On Oct. 10, 1918, the day the cancellation was reported in the Providence Journal, its editorial board published an editorial entitled: “No Need of an Influenza Panic.” It stated: “There is no need of a panic over the influenza epidemic. The disease is nothing new … The man or woman who lives a rational, careful life and refuses to worry is far less likely than otherwise to ‘catch’ it … What are ordinarily called ‘precautions’ are good, but in a sense they are negative. We need to arm ourselves positively by building up our bodies-and our minds.”
Meanwhile, next to this editorial, which aimed to ease fears, was a statement which had been published day after day since July 6, 1917, in order to inflame war fever. It read: “Every German or Austrian in the United States, unless known by years of association to be absolutely loyal, should be treated as a spy … We are at war with the most merciless and inhuman nation in the world. Hundreds of thousands of its people in this country want to see America humiliated, and beaten to her knees, and they are doing, and will do, everything in their power to bring this about. Take nothing for granted.”
With restrictions in place, the number of new cases slid downward. By Oct. 15, 1918, most heath authorities believed that the “Spanish influenza in Rhode Island has reached its height and is now on the wane.” Life began to revert to the way it was before. For instance, on Oct. 17, 1918, 10,000 people attended a meeting where the Rev. Billy Sunday praised God and raised funds for the war by selling bonds while former President Theodore Roosevelt berated Germany and declared that if immigrants “won’t learn English, in say, five years, send them back.”
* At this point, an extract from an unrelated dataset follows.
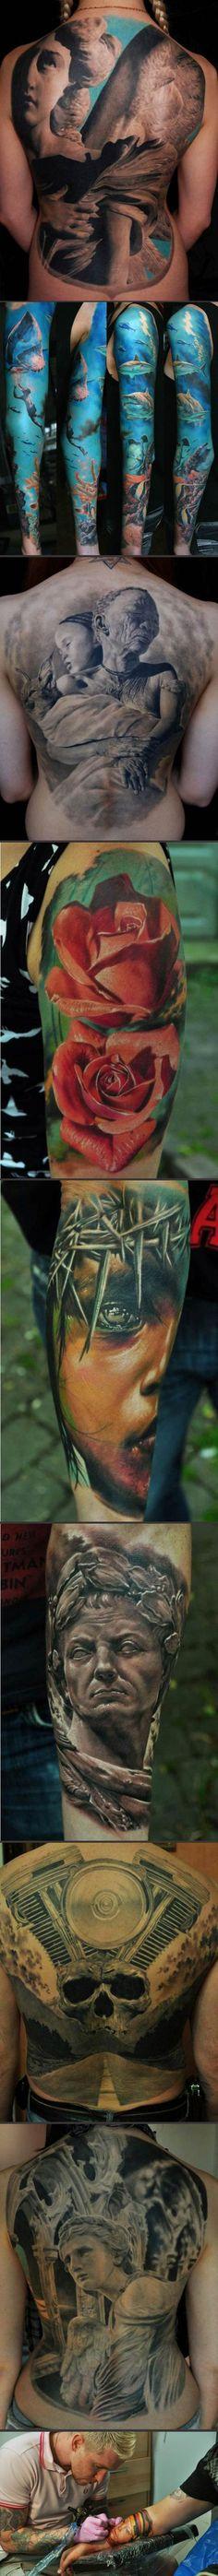 Some amazing tattoos
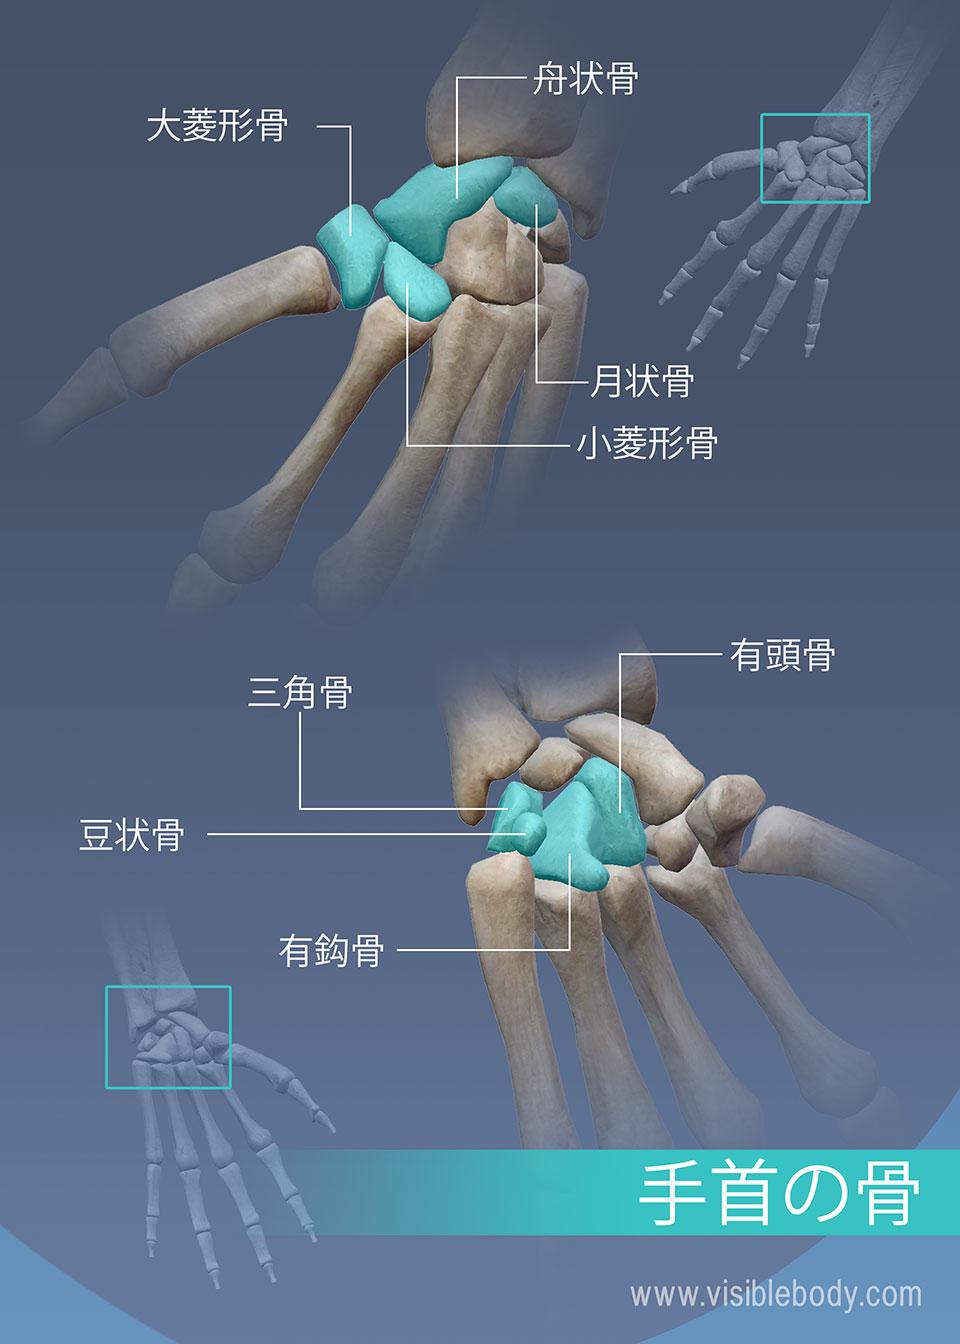 大菱形骨、舟状骨、月状骨、小菱形骨、有頭骨、三角骨、豆状骨、および有鈎骨手首の骨

The number of new cases dwindled. On Oct. 25, 1918, the Providence Board of Alderman lifted its ban and children returned to school. A resurgence in influenza occurred in December 1918 and early 1919, but it did not reach near the levels of October 1918. By Feb. 9, 1919, for the first time in five months, there were no deaths from influenza in Providence. It was over.
What happened in Rhode Island during the influenza pandemic mirrored what occurred in other communities. Two lessons can be learned from this tragedy. First, be honest with the public. Tell the truth, the whole truth. In “The Great Influenza,” historian John Barry wrote that: “The media and public officials helped create the terror-not by exaggerating the disease but by minimizing it.” He explained: “As terrifying as the disease was, the press made it more so. They terrified by making little of it … People could not trust what they read. Uncertainly follows distrust, fear follows uncertainty, and under conditions such as these, terror follows fear.”
Second, take early drastic measures to contain the spread of the virus. Shutdown, lockdown. In 2007, the Journal of American Medical Association published a study of the experiences of 43 large cities in the United States during the influenza pandemic. The study showed that: “Overall, cities that implemented non-pharmaceutical interventions earlier” – such as school closure, public gathering bans, and isolation and quarantine –“experienced associated delays in the time to peak mortality, reductions in the magnitude of the peak mortality, and decreases in the total mortality burden.” It also concluded that: “Late interventions, regardless of their duration or permutation of use, almost always were associated with worse outcomes.”
History repeats itself, but it does not have to. Let us learn from the mistakes from 1918. God willing, we will all survive to live life the way we did before all this began.
Steven Frias is Rhode Island’s Republican National Committeeman, a historian, and recipient of The Coolidge Prize for Journalism.